Bisher war es fast ein wenig still rund um das 75-jährige Bestehen der heutigen Musik und Kunst Privatuniversität der Stadt Wien (MUK). Das liegt zum einen an der noch immer anhaltenden Corona-Pandemie, andererseits hat die Universität bewusst einen anderen Weg gewählt, um dieses Jubiläum zu begehen. Die Entstehungsgeschichte der Institution wurde in einem langjährigen Prozess wissenschaftlich aufgearbeitet, die Geschehnisse vor, während und nach dem Nationalsozialismus kritisch reflektiert. Die Ergebnisse werden und wurden rund um das Jubiläumsjahr präsentiert.
„Bewusste Erinnerungskultur ist seit gut zwei Jahrzehnten ein konstituierendes Element der Kulturstadt Wien. Anlässlich ihres 75-jährigen Bestehens stellt sich auch die einzige Universität im Eigentum der Stadt Wien verantwortungsvoll ihrer Vergangenheit. Dadurch wird nicht nur ein wertvoller Beitrag zur Vergangenheitsbewältigung des Hauses geleistet, sondern auch eine lange bestehende Forschungslücke geschlossen“, hält Rektor Andreas Mailath-Pokorny fest.
Die Anfänge nahm das wissenschaftliche Forschungsprojekt „Hausgeschichte—Zeitgeschichte“ bereits im Jahr 2014. Ab da begann die Universität, zuerst in Einzelveranstaltungen, später systematisch die bis zum Zeitpunkt unklar formulierte Gründungsgeschichte der heutigen MUK aufzuarbeiten. Rund um Susana Zapke (MUK) und Oliver Rathkolb (Universität Wien) hat sich ein engagiertes Team gebildet, um die Vergangenheit der Institution, vor allem in der Zeit von 1938 bis 1945, zu beforschen. Diese Bestrebungen mündeten in der 300 Seiten starken Publikation unter dem Titel „Die Musikschule der Stadt Wien im Nationalsozialismus: Eine ‚ideologische Lehr- und Lerngemeinschaft‘“.

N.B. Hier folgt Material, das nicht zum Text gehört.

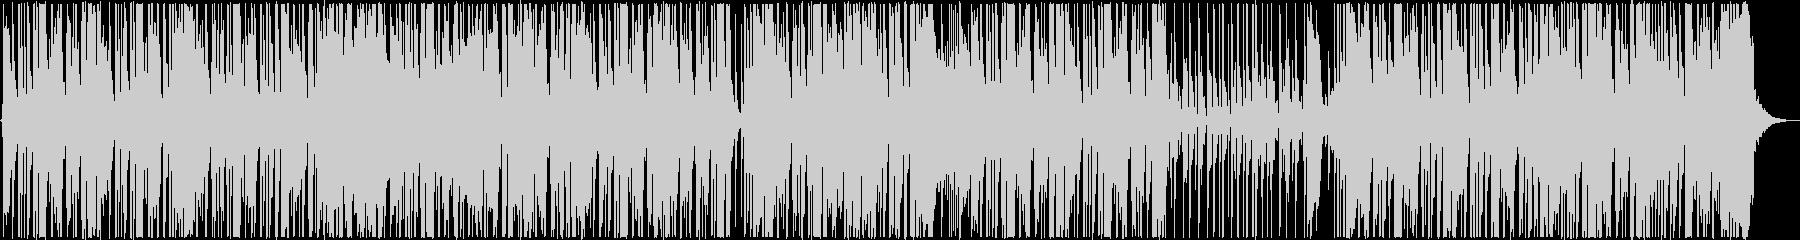 ファンキーなロックステディの未再生の波形

Nur wenige Monate nach dem „Anschluss“ an das Deutsche Reich erfolgte im August 1938 die öffentliche Bekanntgabe der Gründung der Musikschule Wien. Das im Jahr 2020 erschienene Buch reflektiert die ideologische Gleichschaltung des Wiener Musikschulwesens während der NS-Herrschaft und untersucht die inhaltlichen Auswirkungen der NS-Ideologie auf die Kulturszene Wiens. Im Zuge dieser Recherchen wurde zudem ein Online-Gedenkbuch zur Erinnerung an Lehrende und Studierende, die unter dem NS-Regime verfolgt wurden, aufgebaut. Das Gedenkbuch wird noch im Dezember dieses Jahres freigeschaltet, ist als interaktive Seite konzipiert und wird durch laufende Forschungsergebnisse ergänzt.
Die Vergangenheit in Erinnerung rufen
Das Wissen aus dem für die Uni wertvollen Aufarbeitungsprozess bildet auch Basis einer mehrsprachigen Gedenktafel, die an der Fassade der MUK am Standort Johannesgasse 4a im Ersten Wiener Gemeindebezirk angebracht wurde. Die Tafel erinnert an eine Zeit, die so lange im Dunkeln blieb und soll das Bewusstsein für die Geschichte bei Studierenden, Lehrenden und Mitarbeiter*innen sowie in der breiten Öffentlichkeit verankern. Im Rahmen einer Gedenkveranstaltung wird auch die persönliche Übergabe eines Buchs an die rechtmäßigen Erben erfolgen.
Im Herbst 1945 erfolgte durch die neu konstituierte Stadtregierung die Gründung der Musiklehranstalten der Stadt Wien, bestehend aus dem Konservatorium, den Musikschulen und der Kindersingschule. Damit wurde der Regelbetrieb am Standort Johannesgasse nach dem Krieg wieder aufgenommen. Die Broschüre „75 Jahre MUK – Eine Keimzelle der Kulturstadt Wien“ von Georg Leyrer schließt mit ihren Erzählungen und Anekdoten direkt an diese Zeit an und widmet sich der Entwicklung der Musik und Kunst Privatuniversität von 1945 bis heute. Der Autor und Redakteur erzählt von Menschen und ihrer Haltung, die diese Institution in den vergangenen Jahrzehnten maßgeblich geprägt haben. Die MUK blickt auf eine Zeit großer Veränderungen zurück — vom Konservatorium zur Universität. Nach einem kritisch-reflektierten Blick auf die Geschichte folgt nun ein freudig gestimmter auf die Zukunft.